States of Christian perfection are those whose members are obliged in a permanent and stable manner, through certain means,* to acquire Christian perfection or to exercise it for the good of others.

[Son aquellos estados de vida cristiana cuyos miembros se obligan de una manera permanente y estable, mediante determinados medios, a adquirir la perfección cristiana o a ejercitarla en bien de los demás.]

*such as a rule approved by the Church, like St. Benedict's Rule or St. Augustine's Rule

Thus, "state of perfection" can be divided into that for

  1. acquiring perfection
  2. exercising perfection for the good of others
    • Episcopal state, whose object is the good of others out of the love of God.

St. Thomas's articles on the question of the state of perfection in general (Summa Theologica II-II q. 184) are well worth reading. Relevant here are articles

  • 1. Whether the perfection of the Christian life consists chiefly in charity?
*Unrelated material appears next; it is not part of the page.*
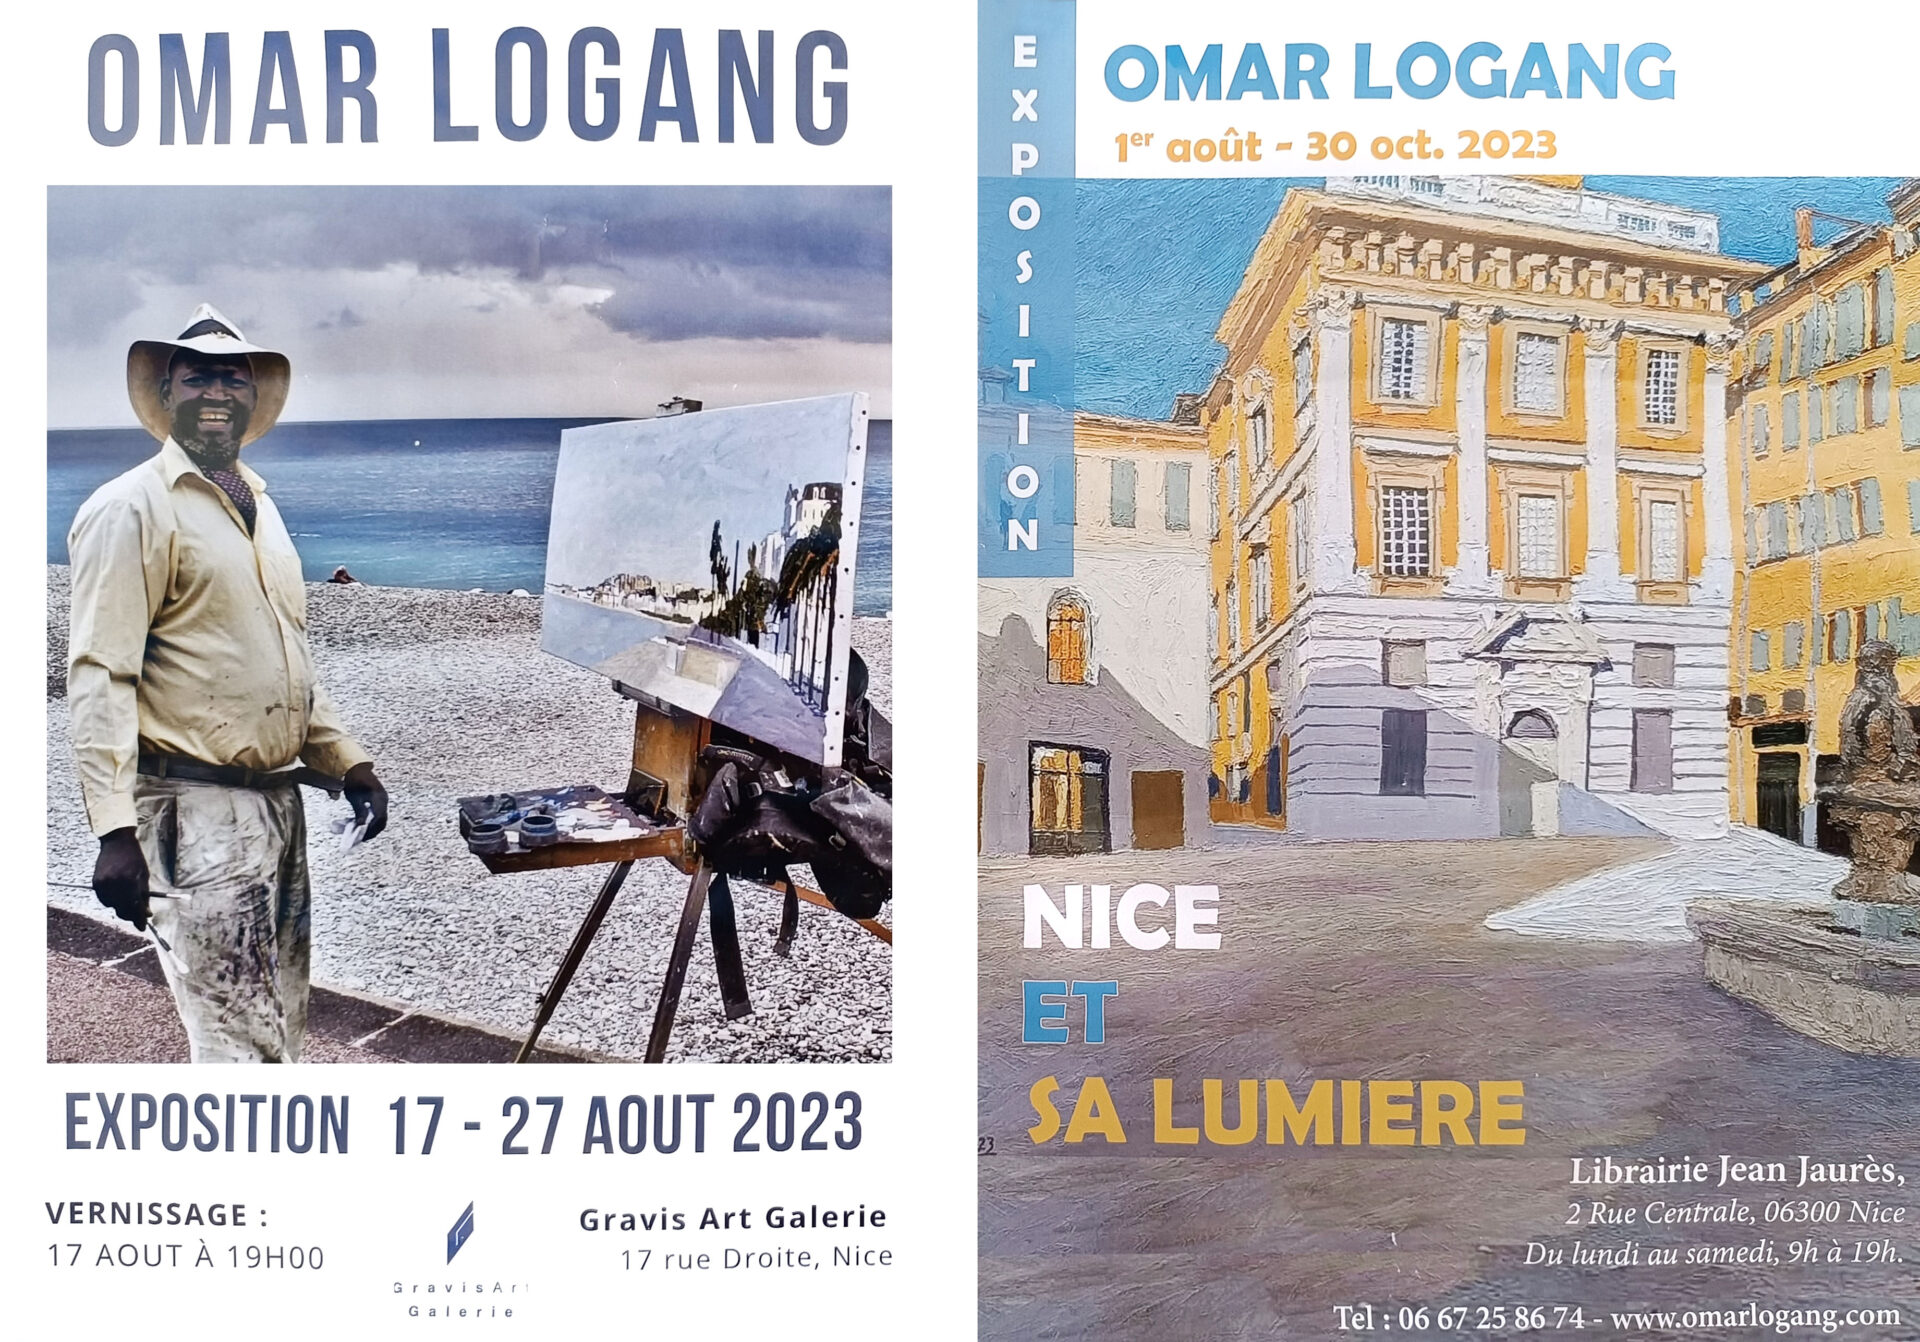 Exposition Omar Logang

    A thing is said to be perfect in so far as it attains its proper end, which is the ultimate perfection thereof. Now it is charity that unites us to God, Who is the last end of the human mind, since "he that abideth in charity abideth in God, and God in him" (1 Jn. 4:16). Therefore the perfection of the Christian life consists radically in charity.

  • 4. Whether whoever is perfect is in the state of perfection?

    properly speaking, one is said to be in the state of perfection, not through having the act of perfect love, but through binding himself in perpetuity and with a certain solemnity to those things that pertain to perfection.
    cf. II-II q. 186 a. 1 ad 3: "it does not follow that whoever is in the state of perfection is already perfect, but that he tends to perfection." Even those who struggle upholding the 10 Commandments are permitted to enter religion, because "the religious state is a spiritual schooling for the attainment of the perfection of charity," "accomplished through the removal of the obstacles to perfect charity by religious observances" (II-II q. 189 a. 1 co.).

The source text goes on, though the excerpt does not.